Re: [PATCH 7/7] DWARF: add the config option

2017-05-09 Thread hpa
On May 8, 2017 8:38:31 PM PDT, Josh Poimboeuf  wrote:
>On Mon, May 08, 2017 at 07:31:50PM -0700, Andy Lutomirski wrote:
>> On Mon, May 8, 2017 at 6:38 PM, Josh Poimboeuf 
>wrote:
>> >> Also, don't you need some indication of which reg is the base from
>> >> which you find previous frame?  After all, sometimes GCC will emit
>a
>> >> frame pointer even in an otherwise frame-pointer-omitting kernel.
>> >
>> > I don't think we *need* to do that.  I believe the base reg can
>just
>> > always[*] be the stack pointer, even with frame pointers.
>> 
>> What if there are functions that use alloca or variable length arrays
>> on the stack?  Functions using AHASH_REQUEST_ON_STACK come to mind.
>
>Wow, mind blown.  This is why I added you to CC!
>
>Ok, I guess we'll need to be able to use the frame pointer as a base
>reg.  It should be easy anyway.

[Adding H.J. Lu for obvious expertise - H.J., the issue at hand is doing stack 
unwinding to display the call stack on a kernel failure.  Right now the 
standard kernel configuration is using frame pointers even on x86-64 because we 
had very bad experiences with fragility of .eh_frame-based unwinding.  However, 
on some kernel workloads the cost of frame pointers  I is quite high.]

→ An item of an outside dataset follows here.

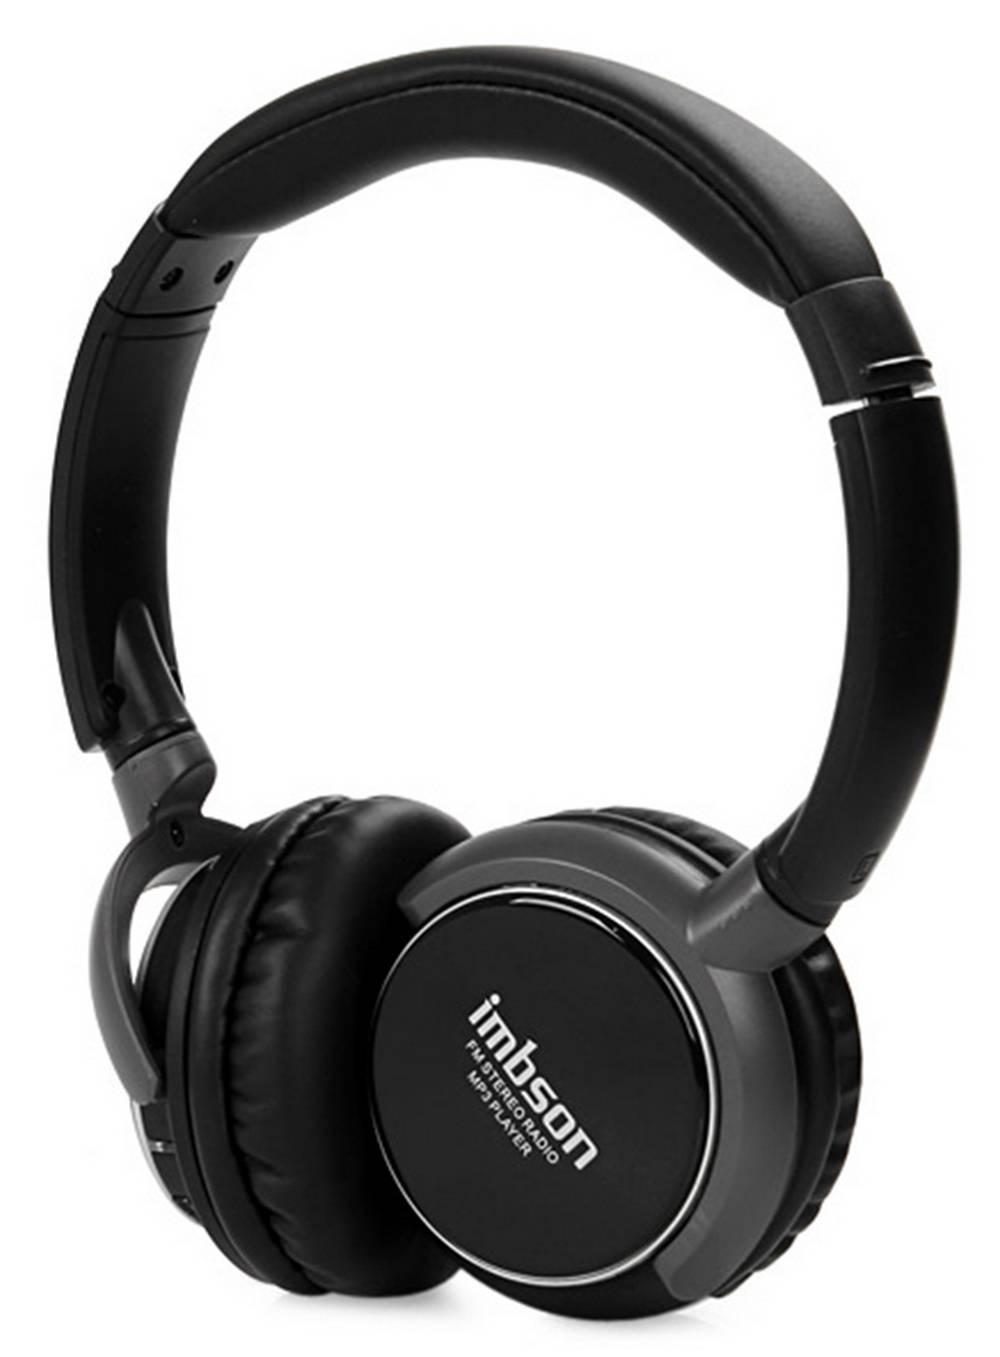 Ακουστικά Stereo Imbson Foldable iM-8001 3.5 mm Μαύρα με Ραδιόφωνο FM και MP3 Player με Κάρτα Μνήμης Micro SD

Yes is exactly why.  I believe gcc will still use a frame pointer when the 
relationship between sp and the incoming stack frame is indeterminate for some 
reason, but I have to admit that a) I'm not 100% sure and b) there are DWARF 
annotations for exactly this, so even if it is true for current gcc that a 
frame pointer is not needed it might not be in the future.

As far as I understand, the .eh_frame section is supposed to contain the subset 
of the DWARF bytecode needed to do a stack unwind when an exception is thrown, 
whereas the .debug* sections contain the full DWARF data a debugger might want. 
 Thus .eh_frame is mapped into the runtime process while .debug* [usually?] is 
not.  .debug* can easily be 10x larger than the executable text segments.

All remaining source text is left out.